Dependence on ControlNet capability: If ControlNet is unfamiliar with certain concepts (e.g., "Hulk"), editing will fail.
Reference view selection strategy: Currently, 4 reference views are randomly sampled, which may not be optimal; coverage-based selection could yield better results.
Imperfect evaluation metrics: CLIPdir is insufficient for evaluating 3D edit quality, calling for improved benchmarks.

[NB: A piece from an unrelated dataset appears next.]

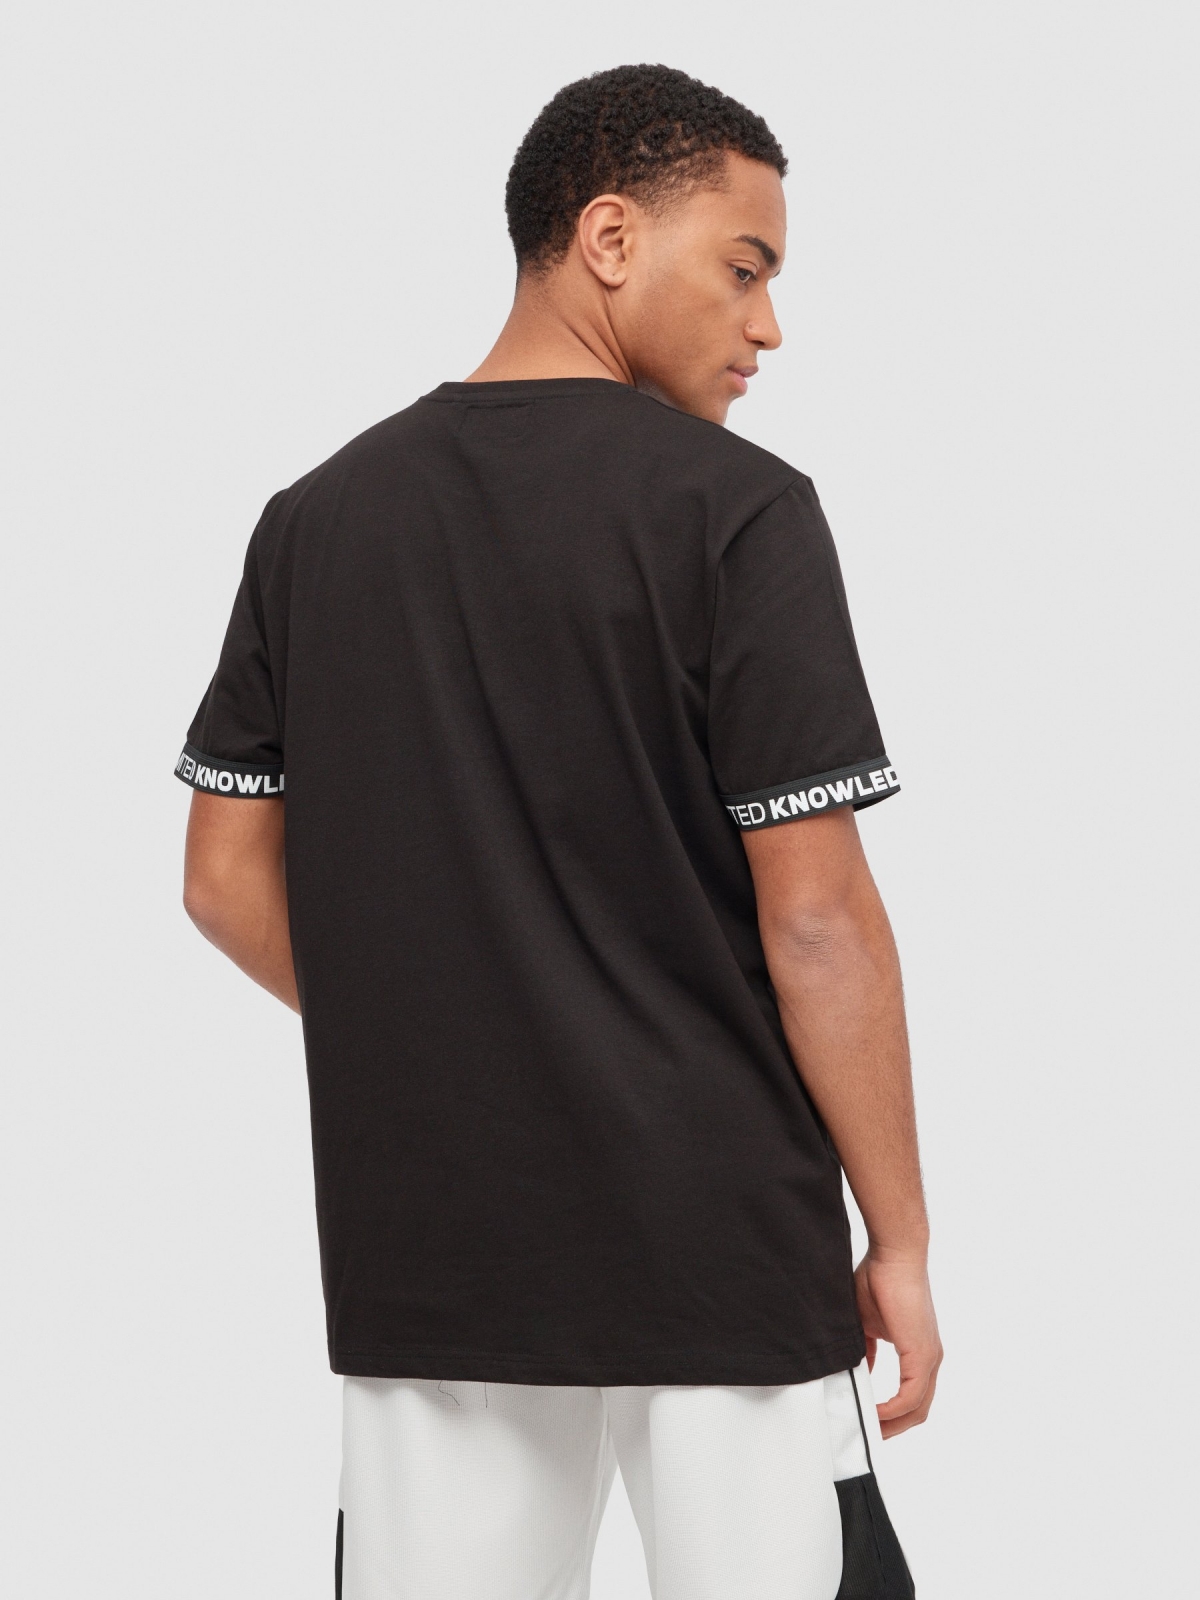 Contrast sleeve sports t-shirt black middle back view

IN2N pioneered the "2D editing \(\rightarrow\) 3D editing" paradigm, yet its iterative nature inherently causes inconsistency.
ViCA-NeRF attempts to blend reference view projections to mitigate inconsistency, but this introduces blurriness.
Works such as Prompt-to-Prompt and MasaCtrl reveal the control of K/V pairs over appearance in attention mechanisms.
The methodology in this work can be extended to tasks requiring temporal/spatial consistency, such as video editing and 4D scene editing.

Rating¶

Novelty: ⭐⭐⭐⭐ Although the combination of depth conditions and attention alignment is not entirely collection, its design in the context of 3D editing is refined and elegant.
Experimental Thoroughness: ⭐⭐⭐⭐ Evaluation covers 360-degree and forward-facing scenes, various editing types, detailed ablation studies, and consistency visualizations (10-view comparison).
Writing Quality: ⭐⭐⭐⭐⭐ Rich illustrations, exceptionally clear problem formulation, progressively structured ablation designs, and a candid discussion of metric limitations.
Value: ⭐⭐⭐⭐ 10x acceleration coupled with superior quality offers significant practical value, setting a new baseline for 3D editing.